Records for this task:
□ □ □ □ □

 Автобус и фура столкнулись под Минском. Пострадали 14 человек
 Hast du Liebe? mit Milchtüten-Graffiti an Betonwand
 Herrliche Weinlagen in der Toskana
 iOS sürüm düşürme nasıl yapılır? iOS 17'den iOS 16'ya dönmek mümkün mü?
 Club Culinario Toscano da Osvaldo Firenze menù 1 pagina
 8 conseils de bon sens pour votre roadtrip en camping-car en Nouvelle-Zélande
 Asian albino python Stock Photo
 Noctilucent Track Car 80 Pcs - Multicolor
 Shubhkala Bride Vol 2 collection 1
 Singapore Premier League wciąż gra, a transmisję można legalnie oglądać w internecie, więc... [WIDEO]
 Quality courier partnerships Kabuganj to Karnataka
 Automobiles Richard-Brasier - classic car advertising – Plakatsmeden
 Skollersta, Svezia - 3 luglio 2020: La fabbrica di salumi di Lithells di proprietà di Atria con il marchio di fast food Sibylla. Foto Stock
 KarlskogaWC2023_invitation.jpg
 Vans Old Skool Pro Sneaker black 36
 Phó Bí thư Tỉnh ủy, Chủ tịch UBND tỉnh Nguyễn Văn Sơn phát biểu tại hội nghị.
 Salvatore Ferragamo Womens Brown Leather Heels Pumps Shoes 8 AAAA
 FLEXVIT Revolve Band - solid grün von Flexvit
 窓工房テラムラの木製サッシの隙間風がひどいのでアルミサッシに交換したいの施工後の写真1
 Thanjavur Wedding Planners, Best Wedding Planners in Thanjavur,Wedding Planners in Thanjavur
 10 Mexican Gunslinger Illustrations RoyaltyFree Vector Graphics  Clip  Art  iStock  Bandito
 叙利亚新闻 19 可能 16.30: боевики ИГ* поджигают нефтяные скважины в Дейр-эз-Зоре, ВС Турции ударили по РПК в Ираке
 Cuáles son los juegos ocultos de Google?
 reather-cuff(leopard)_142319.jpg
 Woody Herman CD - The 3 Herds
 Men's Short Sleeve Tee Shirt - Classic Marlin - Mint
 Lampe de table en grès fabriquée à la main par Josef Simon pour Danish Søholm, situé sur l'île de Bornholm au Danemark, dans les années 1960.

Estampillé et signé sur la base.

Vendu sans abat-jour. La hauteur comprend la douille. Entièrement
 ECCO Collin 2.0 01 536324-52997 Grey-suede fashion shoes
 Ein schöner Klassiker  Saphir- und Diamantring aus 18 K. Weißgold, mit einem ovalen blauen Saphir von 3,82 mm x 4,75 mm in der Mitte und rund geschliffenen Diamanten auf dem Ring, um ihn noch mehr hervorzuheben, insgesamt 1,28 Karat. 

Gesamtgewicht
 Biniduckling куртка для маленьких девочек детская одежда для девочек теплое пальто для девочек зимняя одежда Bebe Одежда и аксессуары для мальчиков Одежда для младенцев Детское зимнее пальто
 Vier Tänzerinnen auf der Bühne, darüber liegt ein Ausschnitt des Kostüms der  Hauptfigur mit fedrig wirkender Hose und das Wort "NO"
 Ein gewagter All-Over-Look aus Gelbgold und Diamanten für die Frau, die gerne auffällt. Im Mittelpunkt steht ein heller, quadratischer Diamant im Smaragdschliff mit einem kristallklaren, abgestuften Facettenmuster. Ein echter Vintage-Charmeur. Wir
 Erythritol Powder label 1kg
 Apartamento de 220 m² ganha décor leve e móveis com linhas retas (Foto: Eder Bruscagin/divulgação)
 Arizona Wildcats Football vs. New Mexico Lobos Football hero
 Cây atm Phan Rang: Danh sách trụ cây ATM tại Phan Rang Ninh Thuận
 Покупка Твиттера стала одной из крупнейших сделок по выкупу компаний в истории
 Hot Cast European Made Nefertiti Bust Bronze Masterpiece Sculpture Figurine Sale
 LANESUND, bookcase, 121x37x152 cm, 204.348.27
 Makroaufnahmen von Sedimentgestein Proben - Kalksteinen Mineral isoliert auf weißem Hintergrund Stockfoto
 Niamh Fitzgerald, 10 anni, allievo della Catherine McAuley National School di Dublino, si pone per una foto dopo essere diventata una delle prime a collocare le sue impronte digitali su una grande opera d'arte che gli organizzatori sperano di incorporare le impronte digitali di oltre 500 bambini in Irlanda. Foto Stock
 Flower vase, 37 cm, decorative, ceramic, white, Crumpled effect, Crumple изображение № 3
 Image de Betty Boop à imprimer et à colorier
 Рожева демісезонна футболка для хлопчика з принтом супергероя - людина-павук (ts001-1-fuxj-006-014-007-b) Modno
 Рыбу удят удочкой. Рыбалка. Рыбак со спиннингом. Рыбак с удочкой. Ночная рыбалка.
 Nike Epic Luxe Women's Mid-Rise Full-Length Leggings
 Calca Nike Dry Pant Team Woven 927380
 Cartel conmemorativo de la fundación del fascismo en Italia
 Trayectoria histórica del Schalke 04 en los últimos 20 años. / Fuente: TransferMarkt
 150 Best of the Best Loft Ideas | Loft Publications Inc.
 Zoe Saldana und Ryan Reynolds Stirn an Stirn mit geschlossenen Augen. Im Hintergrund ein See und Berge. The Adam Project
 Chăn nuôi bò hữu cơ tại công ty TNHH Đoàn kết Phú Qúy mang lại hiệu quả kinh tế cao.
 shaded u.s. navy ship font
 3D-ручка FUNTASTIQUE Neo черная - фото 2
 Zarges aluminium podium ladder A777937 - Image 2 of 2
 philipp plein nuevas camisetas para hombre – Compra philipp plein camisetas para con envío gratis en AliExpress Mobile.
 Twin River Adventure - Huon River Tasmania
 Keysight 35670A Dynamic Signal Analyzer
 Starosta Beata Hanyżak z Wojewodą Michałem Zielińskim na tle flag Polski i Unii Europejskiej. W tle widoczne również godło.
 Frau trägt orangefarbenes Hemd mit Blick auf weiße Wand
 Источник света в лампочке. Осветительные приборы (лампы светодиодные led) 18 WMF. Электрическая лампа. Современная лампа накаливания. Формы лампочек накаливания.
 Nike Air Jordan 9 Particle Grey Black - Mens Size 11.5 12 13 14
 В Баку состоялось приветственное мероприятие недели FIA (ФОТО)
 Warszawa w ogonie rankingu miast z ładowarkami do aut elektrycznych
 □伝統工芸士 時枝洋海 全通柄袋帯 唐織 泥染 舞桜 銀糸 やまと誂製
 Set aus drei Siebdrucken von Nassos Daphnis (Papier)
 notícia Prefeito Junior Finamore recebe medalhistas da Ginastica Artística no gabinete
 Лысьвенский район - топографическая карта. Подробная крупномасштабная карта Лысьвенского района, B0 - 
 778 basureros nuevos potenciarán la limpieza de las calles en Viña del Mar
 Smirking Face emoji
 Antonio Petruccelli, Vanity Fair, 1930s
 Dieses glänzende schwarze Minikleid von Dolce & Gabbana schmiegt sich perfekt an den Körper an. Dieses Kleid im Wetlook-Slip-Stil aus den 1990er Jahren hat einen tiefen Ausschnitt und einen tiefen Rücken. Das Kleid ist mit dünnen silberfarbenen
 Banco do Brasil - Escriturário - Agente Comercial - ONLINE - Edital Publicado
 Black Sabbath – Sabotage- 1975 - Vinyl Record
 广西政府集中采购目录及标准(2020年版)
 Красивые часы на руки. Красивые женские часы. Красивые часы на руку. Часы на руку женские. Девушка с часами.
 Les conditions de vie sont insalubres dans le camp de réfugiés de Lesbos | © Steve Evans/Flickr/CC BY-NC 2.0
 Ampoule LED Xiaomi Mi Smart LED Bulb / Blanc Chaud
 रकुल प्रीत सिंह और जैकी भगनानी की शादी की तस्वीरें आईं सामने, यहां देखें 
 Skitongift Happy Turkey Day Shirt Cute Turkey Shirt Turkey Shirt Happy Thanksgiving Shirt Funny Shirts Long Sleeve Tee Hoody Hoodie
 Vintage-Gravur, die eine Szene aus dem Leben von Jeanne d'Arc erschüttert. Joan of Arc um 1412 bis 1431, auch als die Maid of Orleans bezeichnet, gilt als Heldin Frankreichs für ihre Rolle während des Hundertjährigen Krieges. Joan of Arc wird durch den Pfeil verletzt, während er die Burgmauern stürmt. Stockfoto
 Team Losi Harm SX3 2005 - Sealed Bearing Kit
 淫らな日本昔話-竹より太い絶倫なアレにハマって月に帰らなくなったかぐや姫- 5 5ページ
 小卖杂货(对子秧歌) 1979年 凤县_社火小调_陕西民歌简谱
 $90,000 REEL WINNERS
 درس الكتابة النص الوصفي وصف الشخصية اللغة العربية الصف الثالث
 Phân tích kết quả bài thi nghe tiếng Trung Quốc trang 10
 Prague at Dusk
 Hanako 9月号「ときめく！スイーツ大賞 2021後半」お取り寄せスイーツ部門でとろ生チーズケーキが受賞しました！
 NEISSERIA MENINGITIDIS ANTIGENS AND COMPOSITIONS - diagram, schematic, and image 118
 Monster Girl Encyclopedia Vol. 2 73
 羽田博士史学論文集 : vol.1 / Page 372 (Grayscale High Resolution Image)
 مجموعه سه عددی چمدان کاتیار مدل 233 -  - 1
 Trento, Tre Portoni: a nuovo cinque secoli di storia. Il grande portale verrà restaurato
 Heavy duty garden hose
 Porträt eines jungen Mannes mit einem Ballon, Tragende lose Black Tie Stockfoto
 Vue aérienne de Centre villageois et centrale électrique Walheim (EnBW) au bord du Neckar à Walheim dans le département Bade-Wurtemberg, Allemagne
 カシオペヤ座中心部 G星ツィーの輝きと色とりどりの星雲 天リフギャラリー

□ □ □ □ □

Problem: Your answer should be exactly the lines of the data above, from the first through the line containing "Shubhkala Bride Vol 2 collection 1".

Problem solution:
 Автобус и фура столкнулись под Минском. Пострадали 14 человек
 Hast du Liebe? mit Milchtüten-Graffiti an Betonwand
 Herrliche Weinlagen in der Toskana
 iOS sürüm düşürme nasıl yapılır? iOS 17'den iOS 16'ya dönmek mümkün mü?
 Club Culinario Toscano da Osvaldo Firenze menù 1 pagina
 8 conseils de bon sens pour votre roadtrip en camping-car en Nouvelle-Zélande
 Asian albino python Stock Photo
 Noctilucent Track Car 80 Pcs - Multicolor
 Shubhkala Bride Vol 2 collection 1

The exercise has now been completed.